Olivia: You had a few collaborators with you on this album, but as you said, there’s something bare about this record. Was that a conscious effort to return to the artistry of your youth?
Sally: [Gesturing to her room] You’re looking at the resources. I wrote most of the songs in this hut—which is a very small hut—with this keyboard, with the computer that I’m talking to you on. The writing absolutely felt like barefoot filmmaking. This was barefoot album-making.
Olivia: I read that you’re working on revisiting Orlando, with a Black choir and an emphasis on music. I want to talk a bit about what it is about music that dialogue or writing or images can’t communicate, and what draws you to revisiting Orlando with music at the center.
Sally: Well, those are two different questions. What can music do that dialogue and cinematic representation can’t do? It can do transcendence. It doesn’t have to justify itself. It is the most direct way, that I know, to enter into a zone where you begin to feel that you’re touching the ineffable, the invisible part of all of our existence.

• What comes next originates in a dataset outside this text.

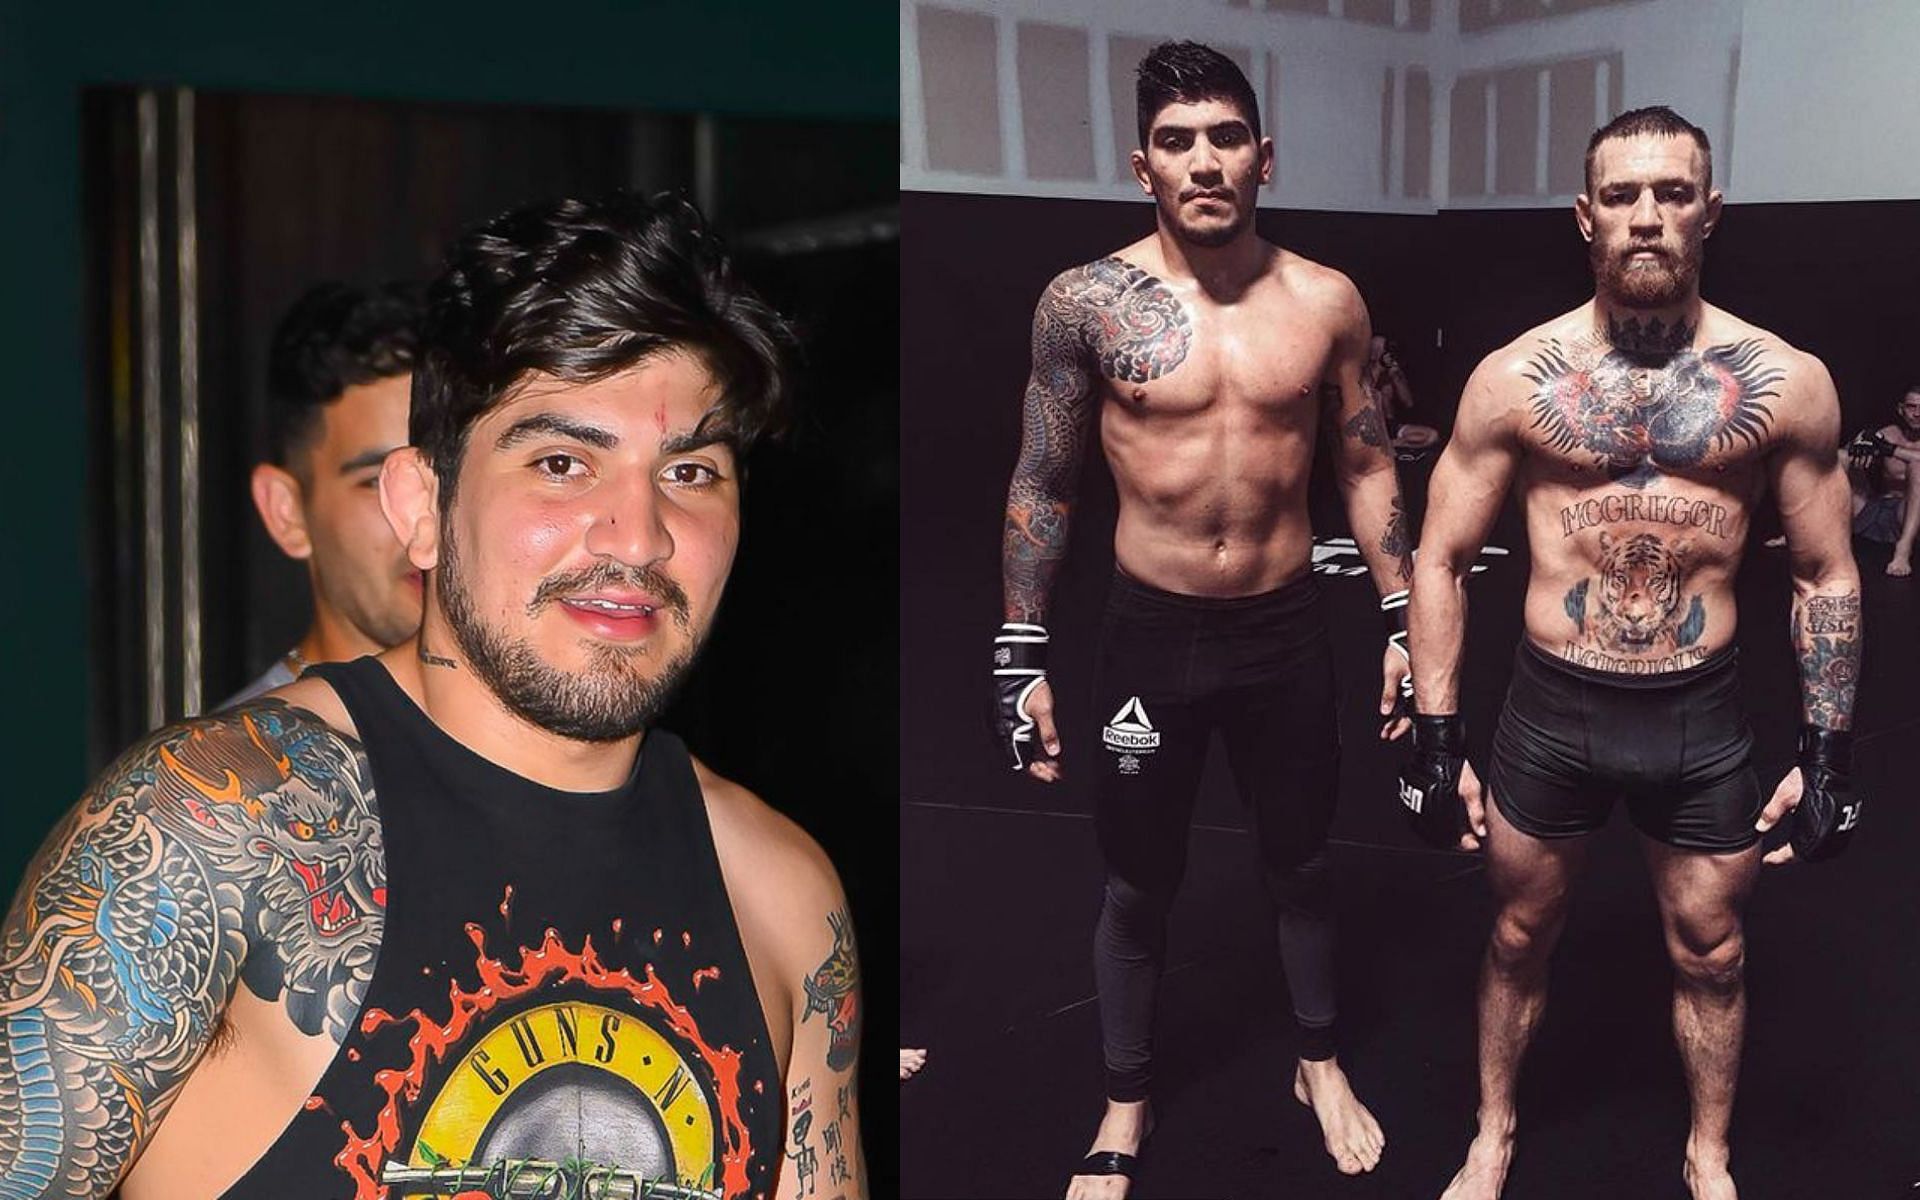 Dillon Danis (left) Conor McGregor and Dillon Danis (right) [Image Courtesy: Getty Images, @dillondanis on Instagram]
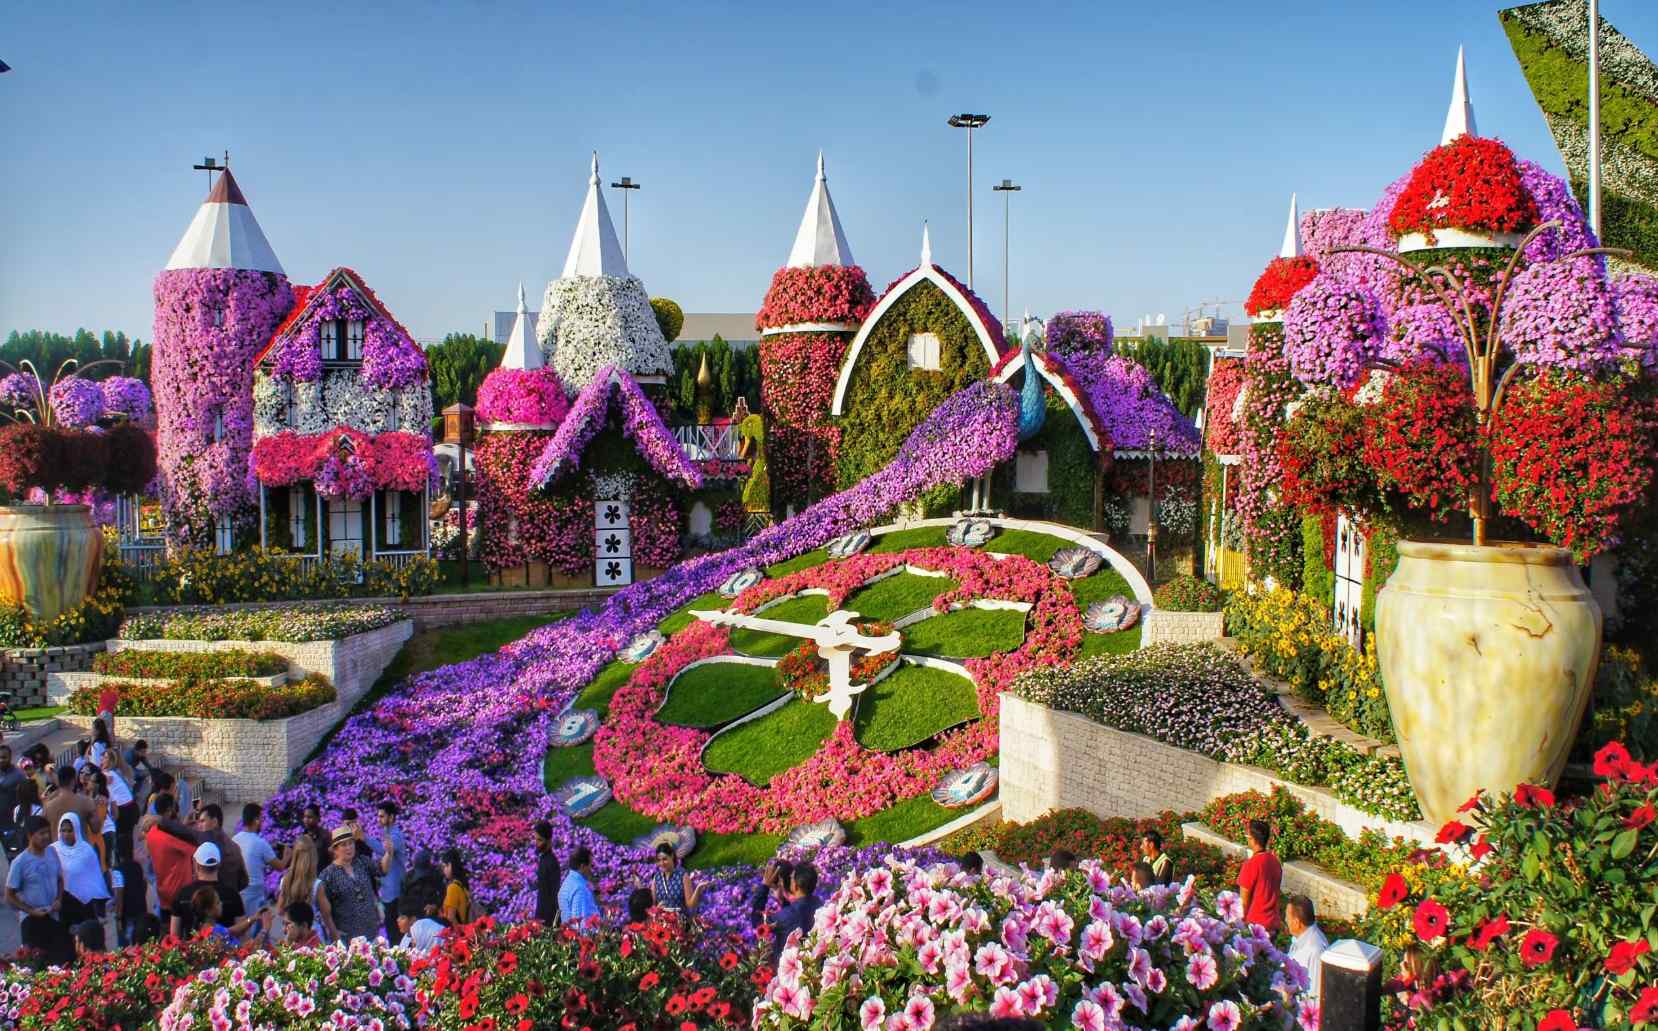 Dubai's miracle garden is one of the best artificial wonders. Here, you will learn how to get a Dubai Miracle Garden ticket at a low cost.

Concerning Orlando: I may have made announcements about it a little bit prematurely. I have written a lot of it, [but] I’ve been somewhat conflicted about revisiting it, thinking, Come on, I did the film. Why revisit [it]? [But I would revisit it] because of the notion of the passing of time. Identity is a subject you can afford to revisit quite a lot of times. I was motivated to revisit it because of what’s left out in Virginia Woolf’s book, and in my film, because I was quite faithful—not to the letter of the book, but to the principles that she was working with. It leaves an entire history of British colonialism. [Laughs] Filming the book can’t do everything, but I felt there must be a way of telling those 400 years and narrating it in a way that looks at it with very different eyes, and very different ears.
Olivia: How are you thinking about Pink Bikini going into the world?
Sally: What is interesting is [that] a few days ago, I actually lost my voice. My voice isn’t usually this croaky. I was thinking about the virus and coughing away. Then it occurred to me that the timing was quite interesting.
Olivia : Don’t you end the album with a track—I think it’s ‘Ghosts’—about finding your voice?
Sally: Exactly. ‘The sound you can hear breaking is my finding my voice.’
Olivia: So you’re finding your voice and losing it, all at once.
Sally: Maybe I had to lose it to find it.